What the six month old probably really said was, “da da” as he played with his feet.
No way in hell a 6 month old is speaking full, intelligible sentences much less have the motor skills to wipe tears away.
Incest is best.
At 6 months a baby could sign a bit, but not speak.
No 6 month old speaks. I'm a nanny, the 6 month old I take care of just makes dinosaur-esque noises and grabs my hair with an attempt to eat my face.
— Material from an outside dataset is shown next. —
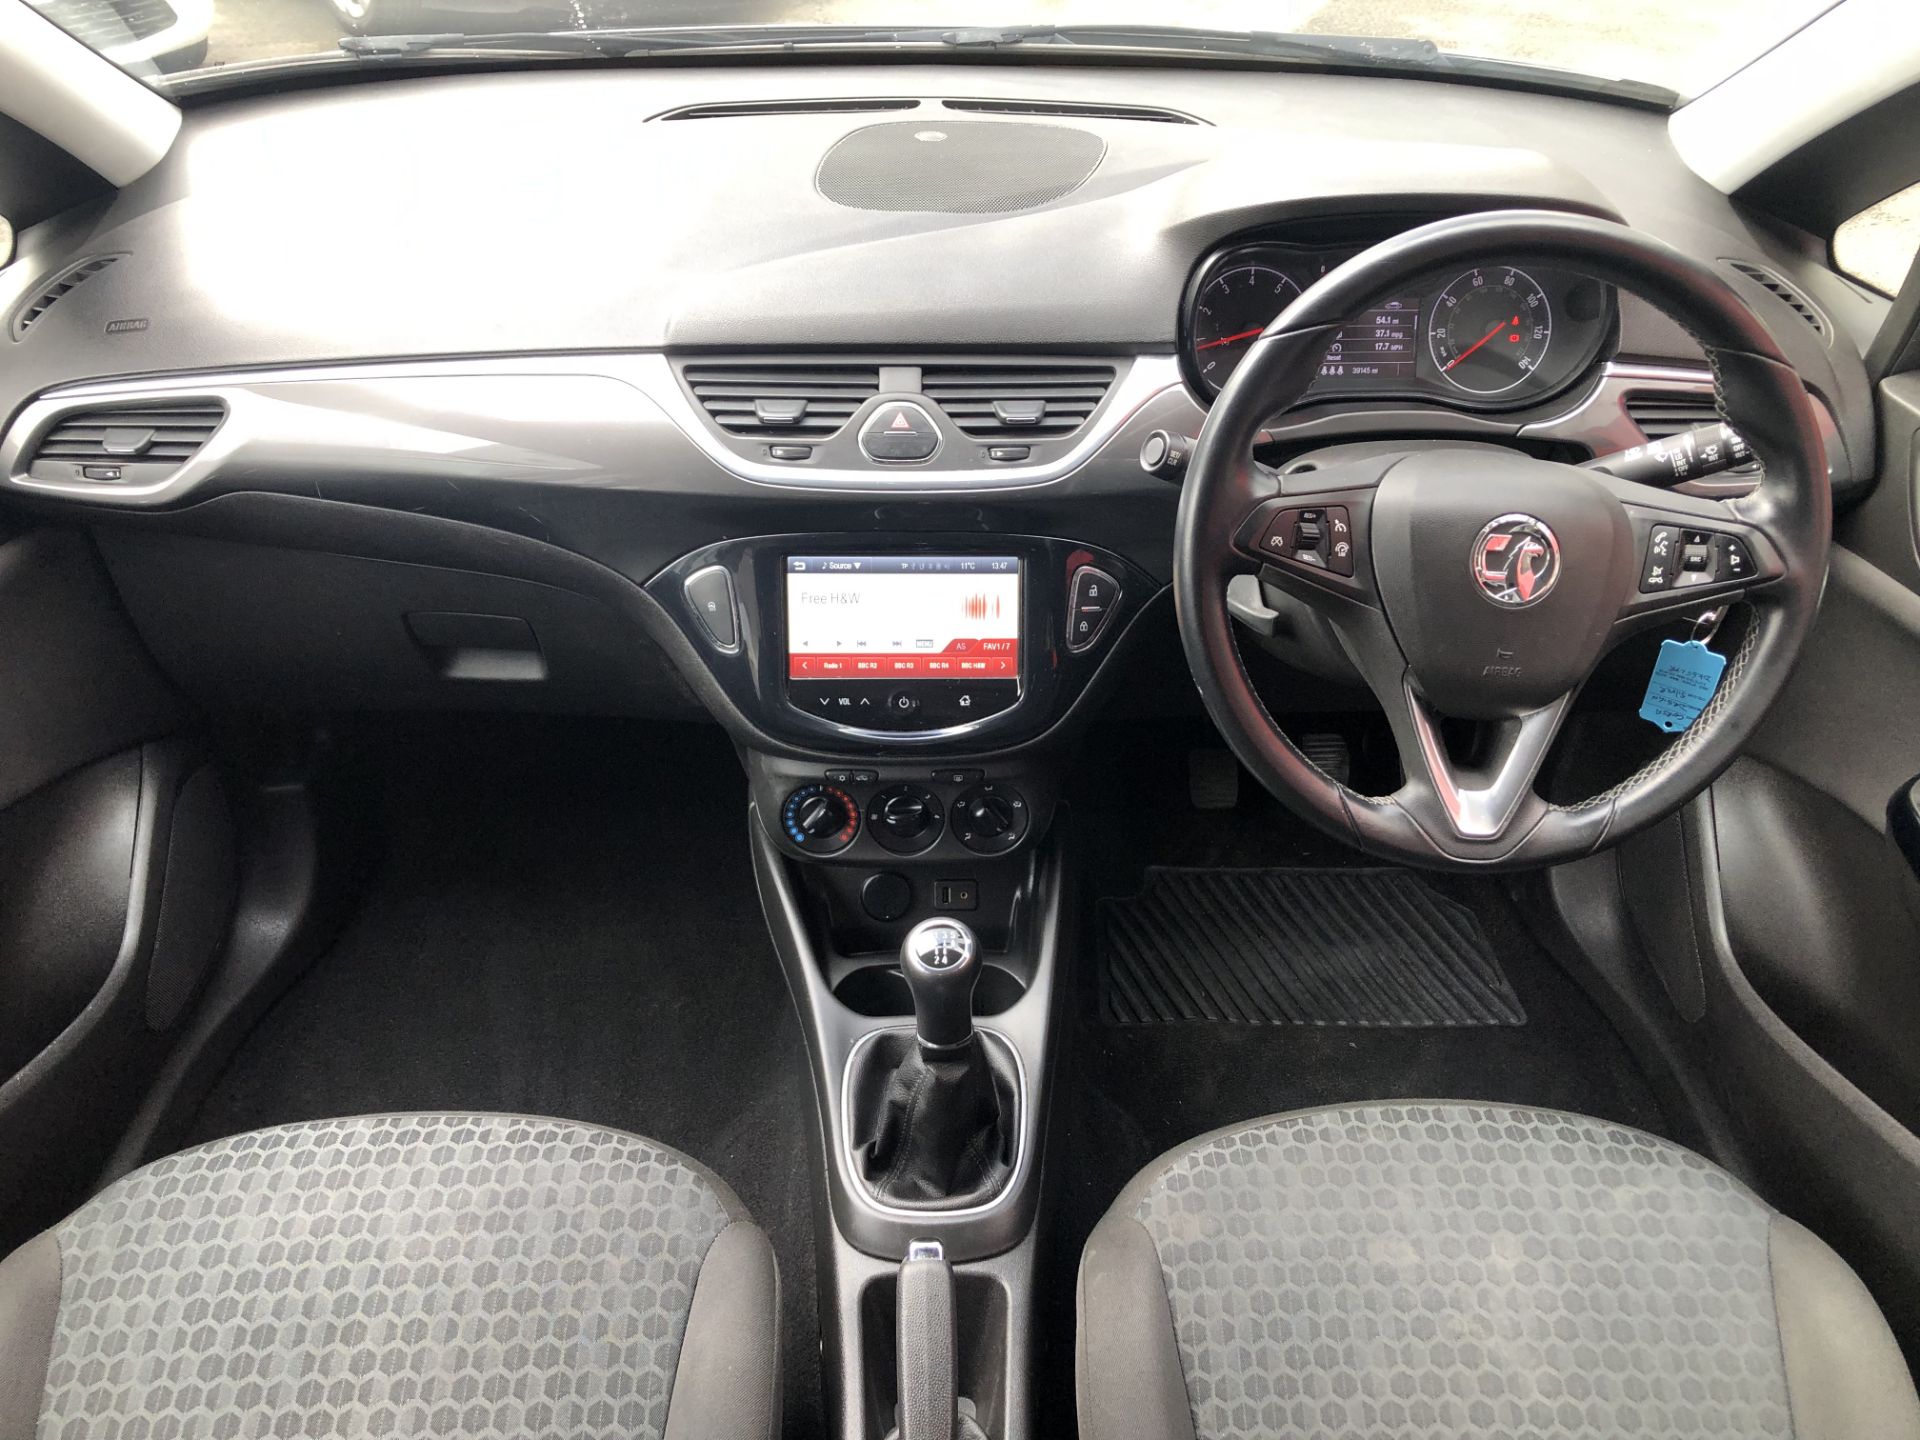 Vauxhall Corsa 1.4 (90ps) Design 5dr, Registration: DK65LYR, Date First Registered: 22/10/2015, - Image 6 of 7

This woman is fucked up, both she and her kid need counseling. SEPARATELY
I hope you're making him wear a condom.
I remember when my little brother was 6 months old, he ate a bug and vomited on our carpet. Good times
I was playing soccer when I was 5 month old
I believe her
bro at six month i was still trying to eat my own shit tf this kid doing speaking????
All i read was a single mom trying to overcompensate .
Odd such a precocious kid is making the breakfast in bed at eight years old. Has he not found the kitchen?
Making breakfast in bed the cook he hired should be doing that he should at his job at NASA
My little girl is 11 months. The most coherent thing she can say is "dada" and I'm 100% sure it has no meaning to her. This chick must be trolling cause no actual mother can possibly be this stupid.
He also can cook
Other than this not happening, this is gross. Girl your child is not your man.
hahaha is this a joke? 🤣
My mommy is mentally ill and so am I: A 3rd Grade Picture Book, published by Scholastic Books
i hope the breakfast was burnt toast and undercooked bacon
And then he quoted Shakespeare to me and we discussed the futility of moral enclosures while I changed his poopy diaper.
Anyone who has a kid knows this story is complete and utter bullshit.